振袖姿、スーツ姿の若者を良く見かけなあと思ったら、成人式でしたね。
彼らよりも2倍以上生きてきてしまったんだなあ、と思うと感慨深くもあるけど、無駄に齢を重ねてきたことを恥じる気持ちも無きにしも非ず。
僕は、成人式には出ませんでした。
当時、浪人していたし、出席する意味をあまり感じていなかったのもあります。
それ以降、大学に入学した時も、バイトで初めてお金をもらったときも、就職したときも、自分が大人になったという気はしませんでした。
沢木耕太郎さんが、『バーボンストリート』というエッセイ集の中でこんなことを書いています。
人はいつ青年でなくなるのか。それは恐らく、年齢でもなく結婚でもなく、彼が生命保険に加入した時なのではあるまいか。
命のカタを誰かに残さなければならない、残したい、と思ったときに彼は青年期を終えることになる。たとえその相手が誰であろうとも、生命保険へ加入した瞬間に、彼は青年の次の時代に入っていく。
そんな気がしてならないのだ。

この一節を読んだとき、「なるほど」と思いました。
私は新入社員の頃、先輩の従妹(保険会社勤務)を紹介されて、付き合いで掛け捨ての生命保険に入りましたが、意味がないのでもう加入していませんし、青年期を終えたという自覚もありません。

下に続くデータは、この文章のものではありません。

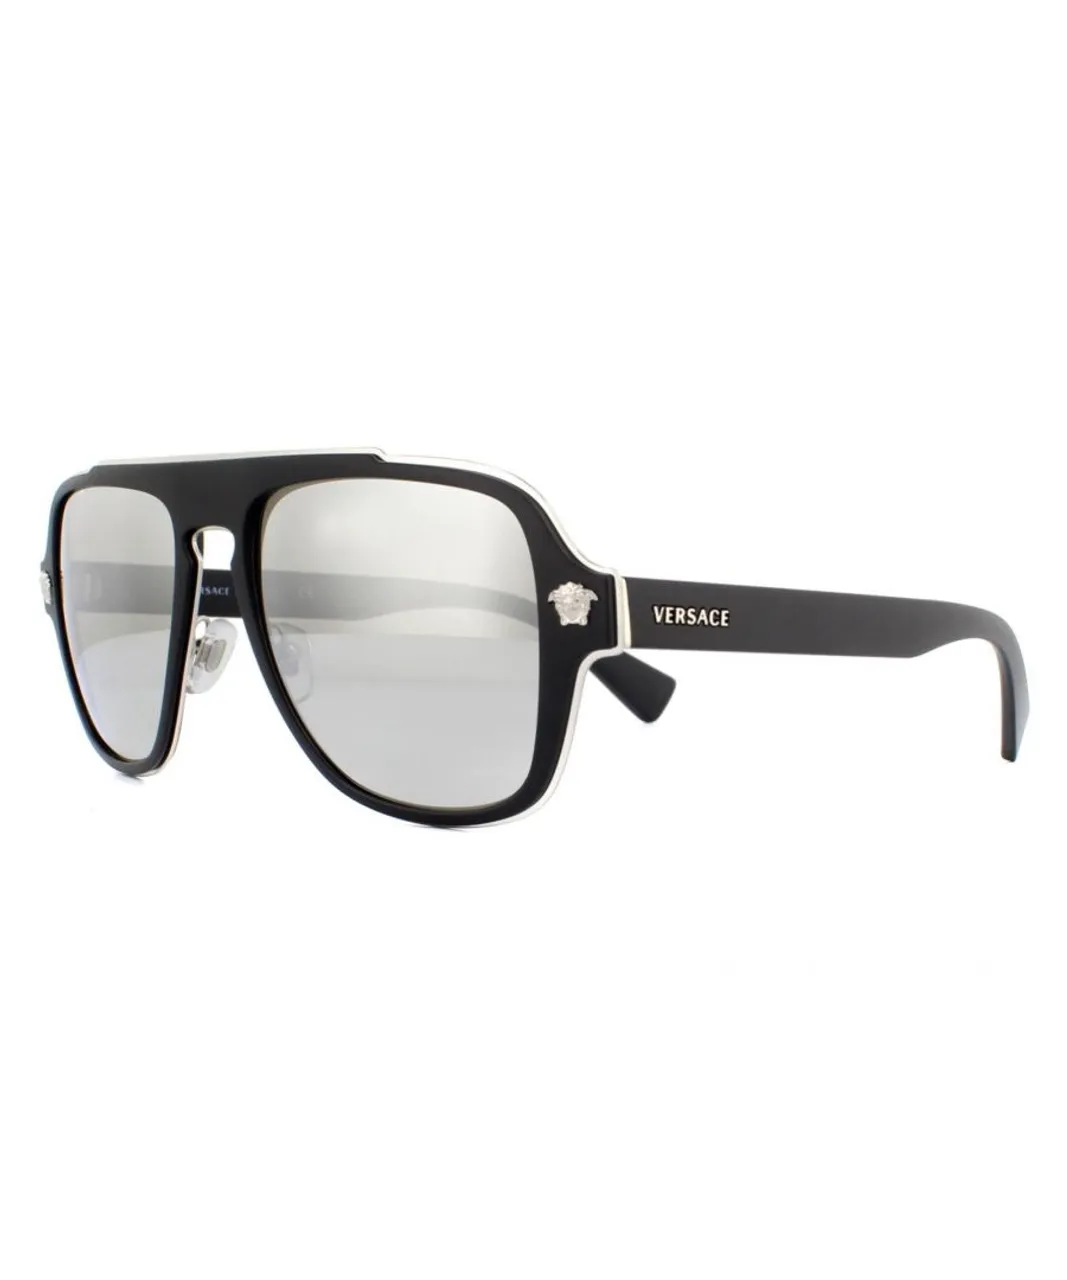 Versace Mens Sunglasses VE2199 10006G Matte Black Dark Grey Silver Mirror - One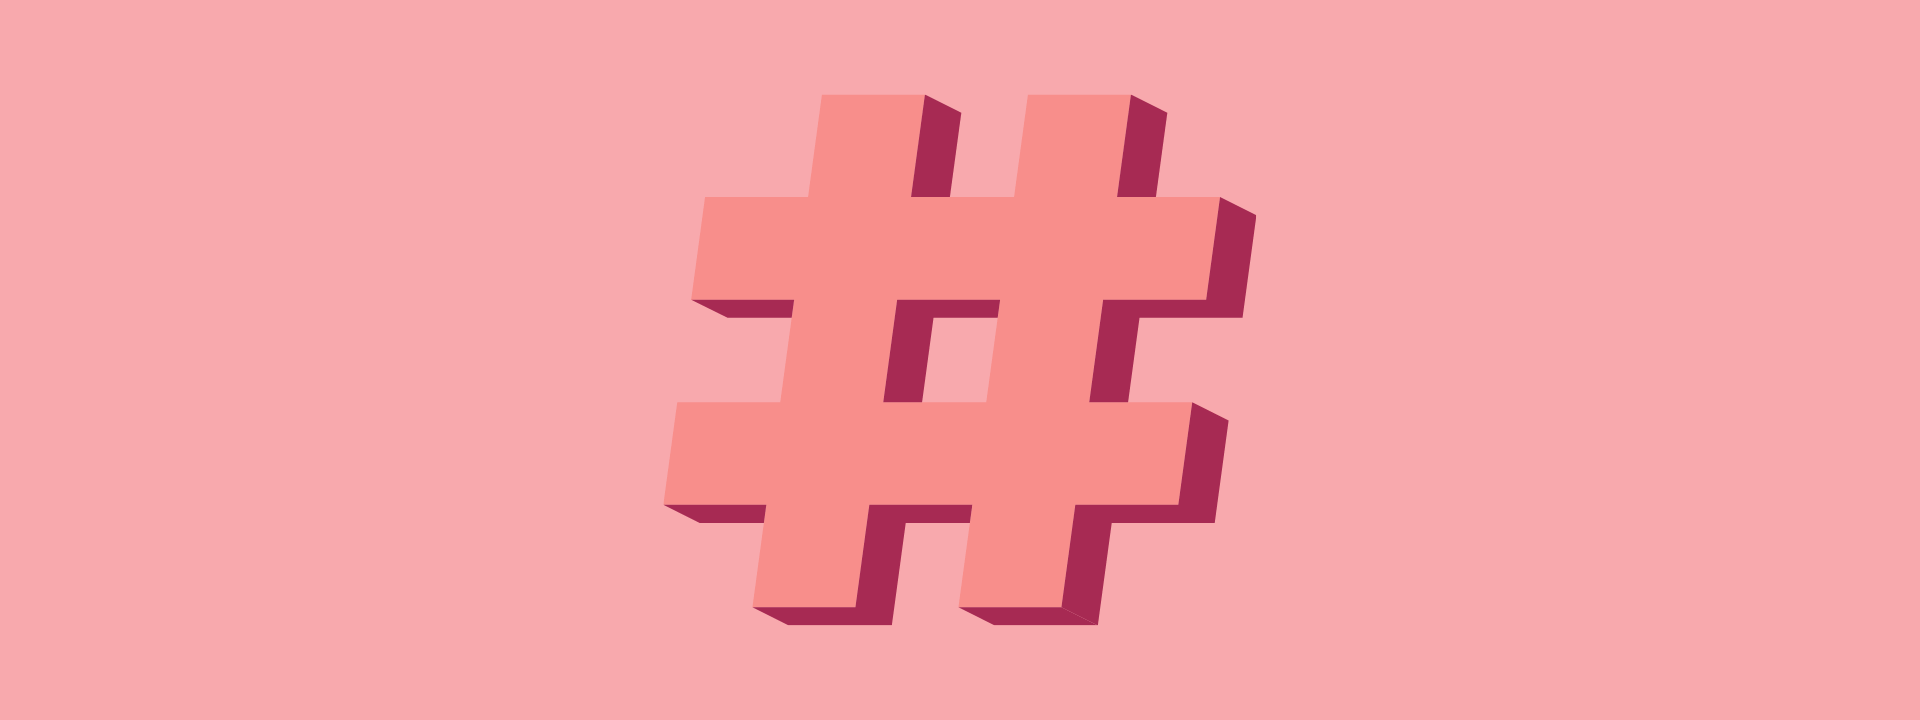 praćenje hashtagova na instagramu je izuzetno bitno za to kako radi instagram algoritam

ただ、人は自分以外に守るべきものができたときに大人になるというのは、その通りな気もします。
その点で、僕にはいまだに守るべきものがない。
だからいつまでも「大人になった」という自覚もないんでしょうね・・・
守るべきものがないことは、強い部分もありますが、弱い部分もあるなと思います。
僕がいま、働く意味が見いだせないのも、守るべきもの、残すべきもの、残すべき対象が見いだせないからじゃないか・・・・・・と思ったりもします。
気持ちはすごくラクなんですけどね。